Двадцатидвухлетнему Жерому брат-император поставил условие: развод с балтиморскою шлюхой и женитьба на дочери Вюртембергского короля – принцессе Катерине. А в качестве приданого – целое Вестфальское королевство, наспех сколоченное французским императором из лоскутков поверженной Пруссии.
Так началась новая, волшебная пора в жизни бесшабашного и отчаянного парня, у которого, увы, не окреп еще самостоятельный ум, а с другой стороны, не перебродило в пылкой, южного розлива крови безудержное молодечество.
Чинные и чопорные германцы, законопослушные подданные короля, чуть ли не с первых же дней наградили его кличкою Люстиг, что по-немецки означает: веселый. А как иначе можно было определить сущность характера и, главное, занятие их верховного правителя, если в кассельском дворце с вечера и до утра гремела музыка, беспрерывно, один за другим, следовали балы, маскарады, фейерверки!

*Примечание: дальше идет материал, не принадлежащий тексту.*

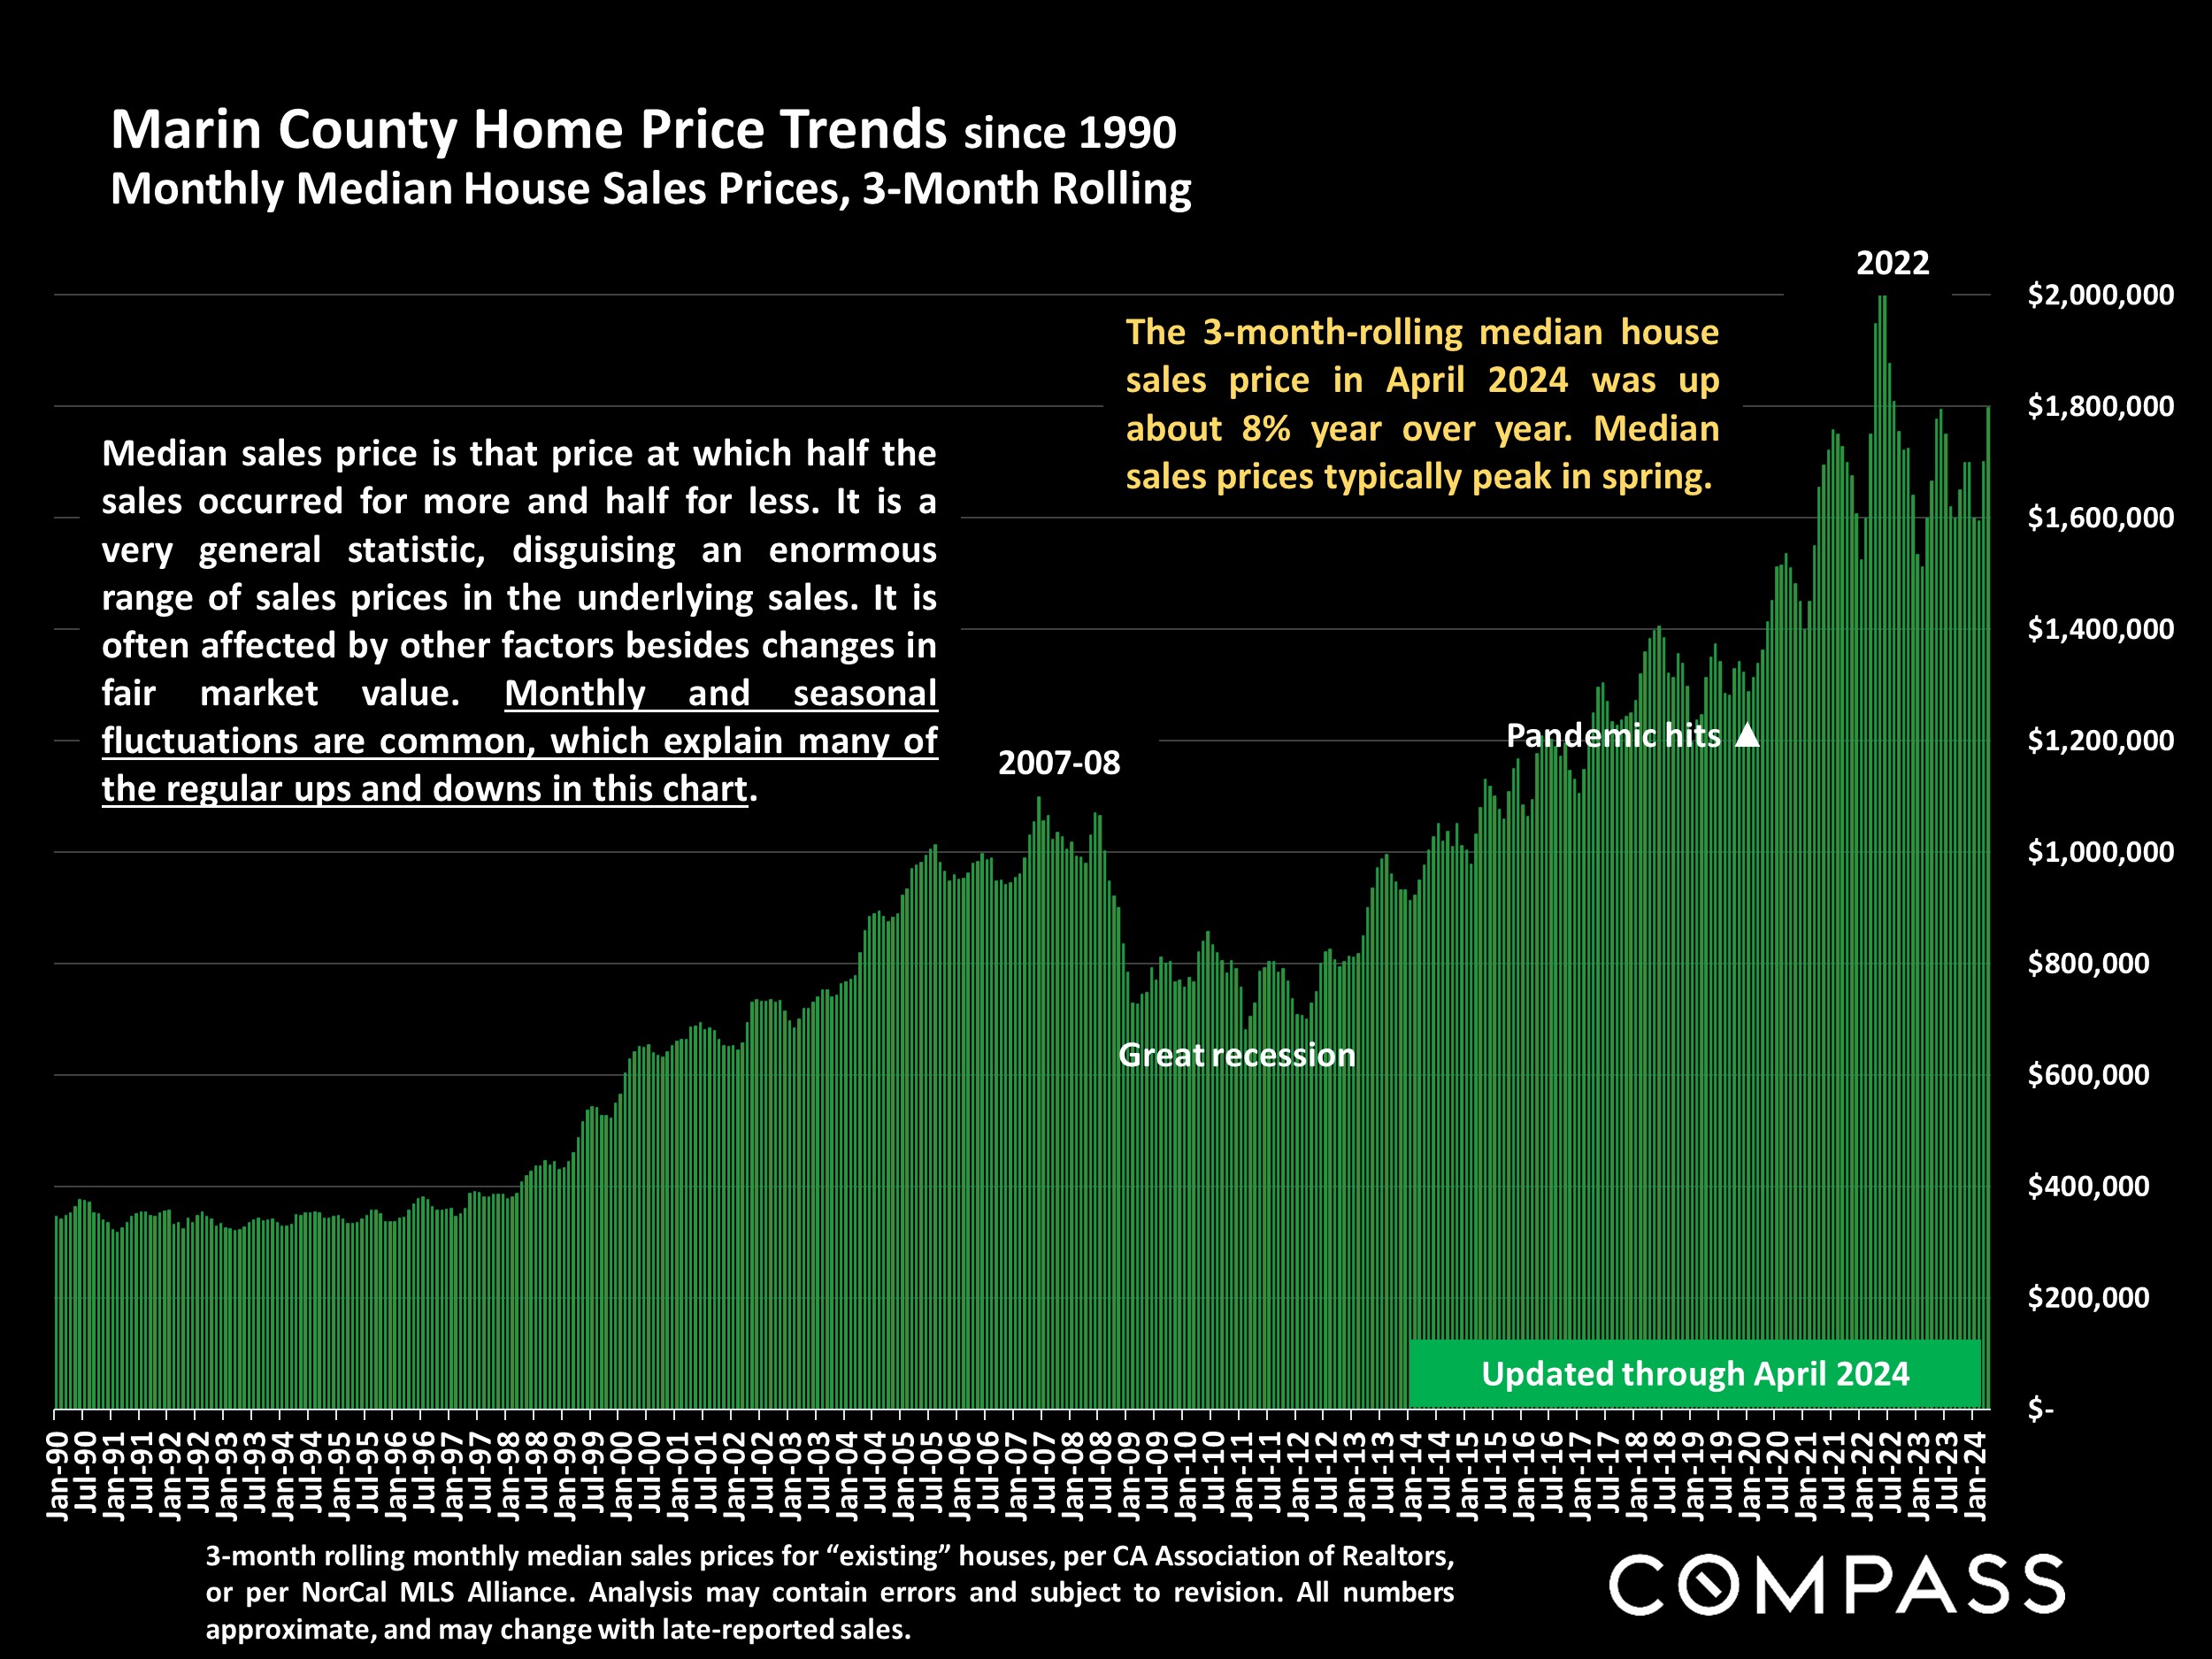 Marin County Home Price Trends since 1990 Monthly Median House Sales Prices, 3-Month Rolling

Король жил на такую широкую ногу, что путешественники, проезжая чрез столицу Вестфалии, диву давались: ничего подобного им не доводилось видеть при самых знатных и богатейших дворах Европы. У королевской персоны, говорили, насчитывалось девяносто две кареты и двести выездных лошадей. Своих генералов он одаривал чистокровными скакунами, любовниц – бриллиантами. Слуг одевал в алое с золотом. В королевских же владениях ходили монеты – «жерОмы», с изображением его королевского величества.
Было известно: Наполеон выделял брату на содержание двора пять миллионов франков ежегодно. Это много, даже слишком. Бюджет прусского короля, например, равнялся трем миллионам, австрийского императора и того меньше – двум с половиною. Но владелец карликового королевства умудрился в первый же год не просто издержать всю сумму, но и наделать долгов на два миллиона.

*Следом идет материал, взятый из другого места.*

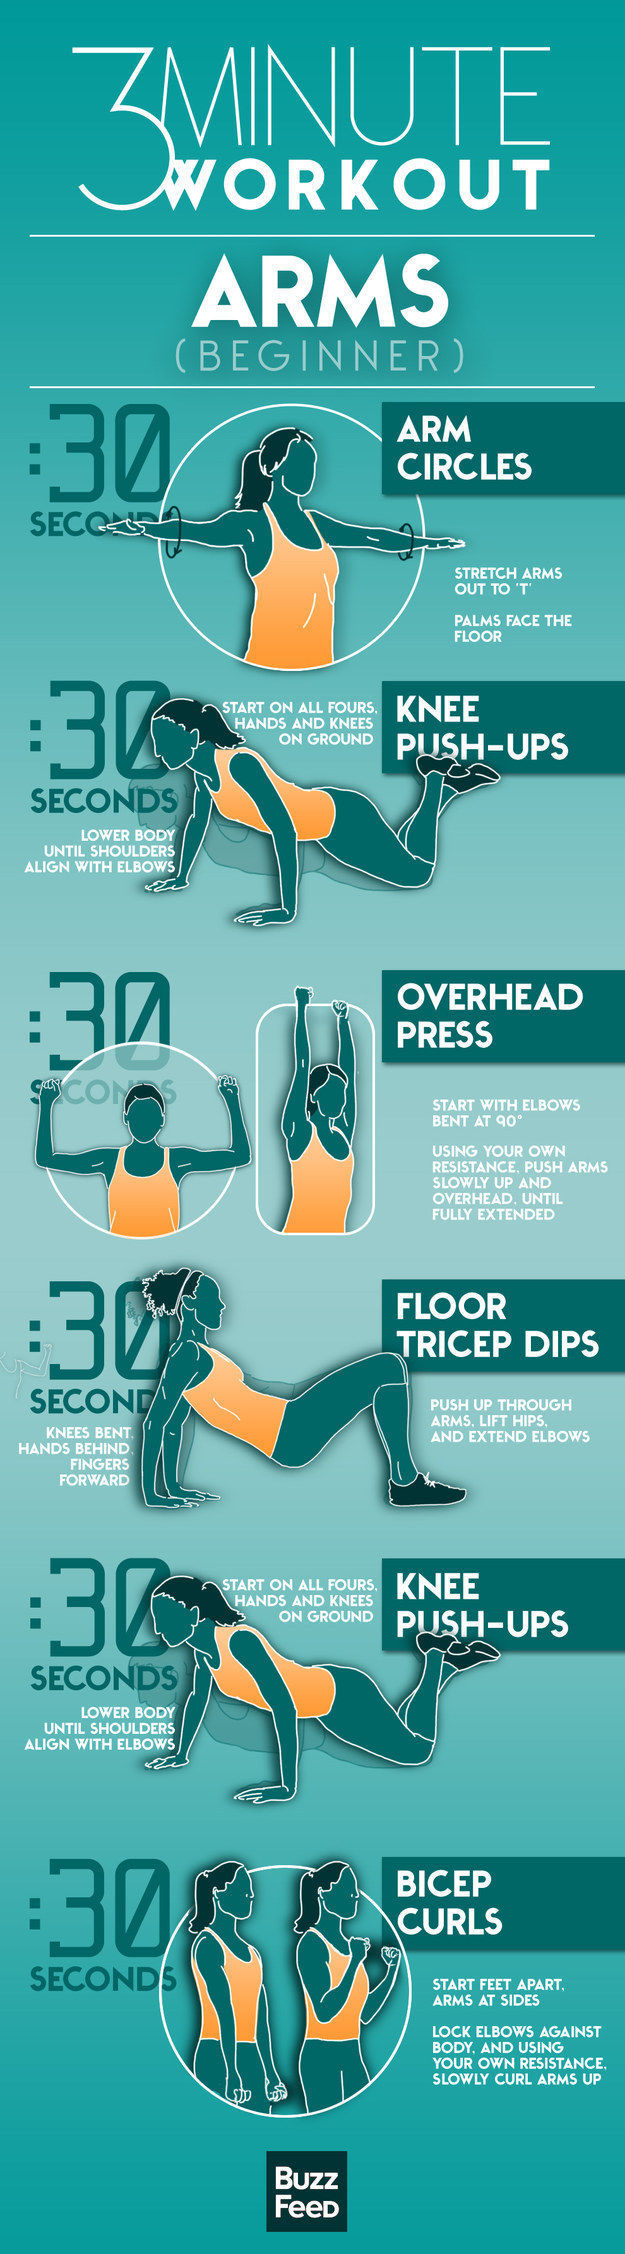 30 Minute Arm Workouts For Beginners At Home for Gym

За всю свою, теперь уже двадцативосьмилетнюю, жизнь король Люстиг осилил всего одну книгу – «Жизнь мадам Дюбарри», хотя библиотекарем у него значился знаменитый ученый и собиратель народных сказок Якоб Гримм.
А к чему ему, веселому королю, были чужие душещипательные истории, запечатленные на страницах романов, ежели его собственная жизнь – сказка, обратившаяся в быль? Почти ежедневно – новые любовницы, новые утехи и наслаждения, не ведавшие границ. Однажды – прошел слух – пьяненького его вынуждена была задержать даже собственная полиция. Как уж там выпутывался из пикантного положения полицмейстер, а факт есть факт – расшалился веселый король и, дабы не натворил чего-либо непоправимого, был вежливо остановлен собственными блюстителями порядка.
Года два назад император вызвал непутевого братца в Париж: освободилось место шведского наследного принца, дающее право стать королем сей настоящей, а не скроенной наспех страны. Нет уж, оскорбился Жером, не станет он жить по соседству с белыми медведями и питаться одною селедкою.
Меж тем брата-императора тоже непросто было сбить с мысли, коли она запала в его голову. Только государственные заботы могут сделать из беспечного человека настоящего короля, твердо решил он. А для сего все же следует подыскать и страну размером поболее, и народ с отвагою в груди.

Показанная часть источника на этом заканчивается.